On Thu, Jan 31, 2019 at 2:48 PM Nir Soffer <nsoffer@redhat.com> wrote:
On Thu, Jan 31, 2019 at 2:52 PM Strahil Nikolov <hunter86_bg@yahoo.com> wrote:
Dear Nir,

the issue with the 'The method does not exist or is not available: {'method': u'GlusterHost.list'}, code = -32601' is not related to the sanlock. I don't know why the 'vdsm-gluster' package was not installed as a dependency.
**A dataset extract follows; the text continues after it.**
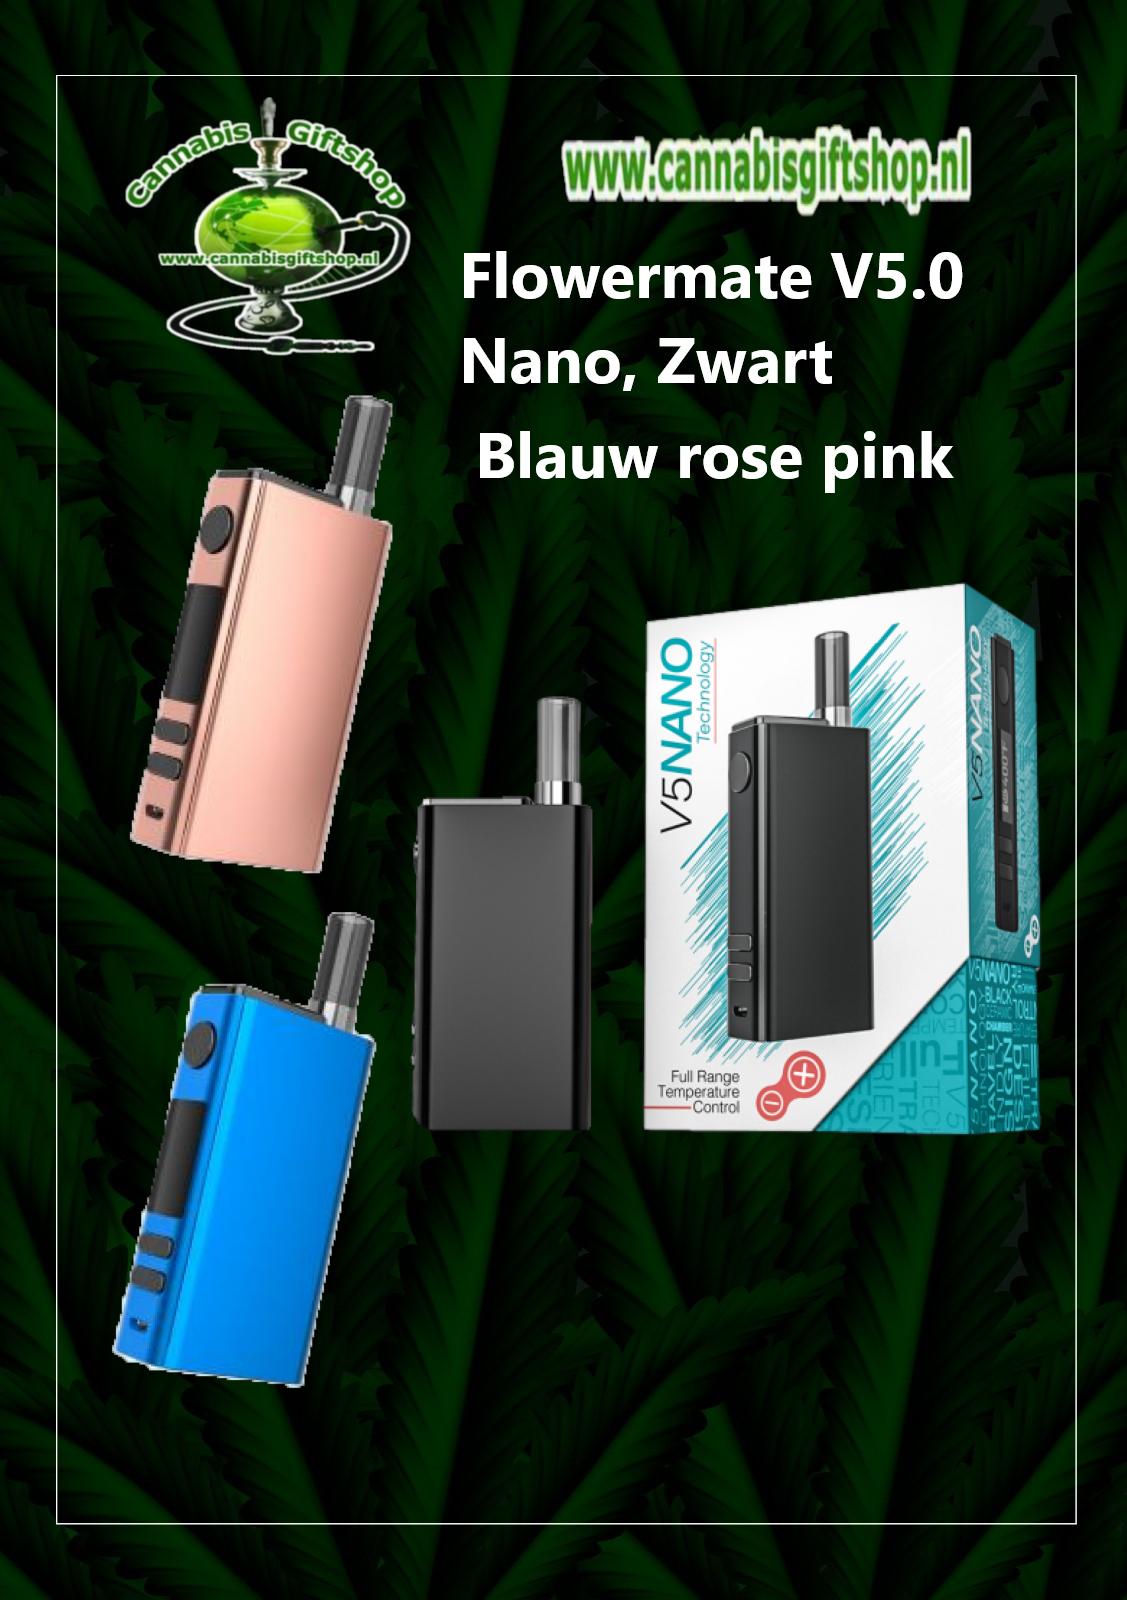 Flowermate V5.0 Nano, blauw zwart pink rose

Please file a bug about this.

> Can you share your sanlock log?
>
I'm attaching the contents of /var/log , but here is a short snippet:

About the sanlock issue - it reappeared with errors like :
2019-01-31 13:33:10 27551 [17279]: leader1 delta_acquire_begin error -223 lockspace hosted-engine host_id 1

As I said, the error is not -233, but -223, which make sense - this error means sanlock did not
find the magic number for a delta lease area, which means the area was not formatted, or
corrupted.
 
2019-01-31 13:33:10 27551 [17279]: leader2 path /var/run/vdsm/storage/808423f9-8a5c-40cd-bc9f-2568c85b8c74/2c74697a-8bd9-4472-8a98-bf624f3462d5/411b6cee-5b01-47ca-8c28-bb1fed8ac83b offset 0
2019-01-31 13:33:10 27551 [17279]: leader3 m 0 v 30003 ss 512 nh 0 mh 1 oi 0 og 0 lv 0
2019-01-31 13:33:10 27551 [17279]: leader4 sn hosted-engine rn  ts 0 cs 60346c59
2019-01-31 13:33:11 27551 [21482]: s6 add_lockspace fail result -223
2019-01-31 13:33:16 27556 [21482]: s7 lockspace hosted-engine:1:/var/run/vdsm/storage/808423f9-8a5c-40cd-bc9f-2568c85b8c74/2c74697a-8bd9-4472-8a98-bf624f3462d5/411b6cee-5b01-47ca-8c28-bb1fe
d8ac83b:0


I have managed to fix it by running the following immediately after the ha services were started by ansible:

cd /rhev/data-center/mnt/glusterSD/ovirt1.localdomain\:_engine/808423f9-8a5c-40cd-bc9f-2568c85b8c74/ha_agent/

This is not a path managed by vdsm, so I guess the issue is with hosted enigne
specific lockspace that is managed by hosted engine, not by vdsm.
 
sanlock direct init -s hosted-engine:0:hosted-engine.lockspace:0 

This formats the lockspace, and is expected to fix this issue.

 
systemctl stop ovirt-ha-agent ovirt-ha-broker
systemctl status vdsmd
systemctl start ovirt-ha-broker ovirt-ha-agent

Once the VM started - ansible managed to finish the deployment without any issues.
I hope someone can check the sanlock init stuff , as it is really frustrating.

I'd suggest to avoid directly playing with the managed in the middle of the deployment to avoid further issues.
 

If I understand the flow correctly, you create a new environment from scratch, so this is 
an issue with hosted engine deploymnet, not initializing the lockspace.

I think filing a bug with the info in this thread is the first step.

Simone, can you take a look at this?

On our CI env everything is working as expected and the lockspace volume got initialised as expected.
In the attached logs a log of steps got skipped since a lot of things were already up and running so they are not really useful.
Strahil, can you please retry on a really clean environment and eventually attach the relevant logs if you are able to reproduce the issue?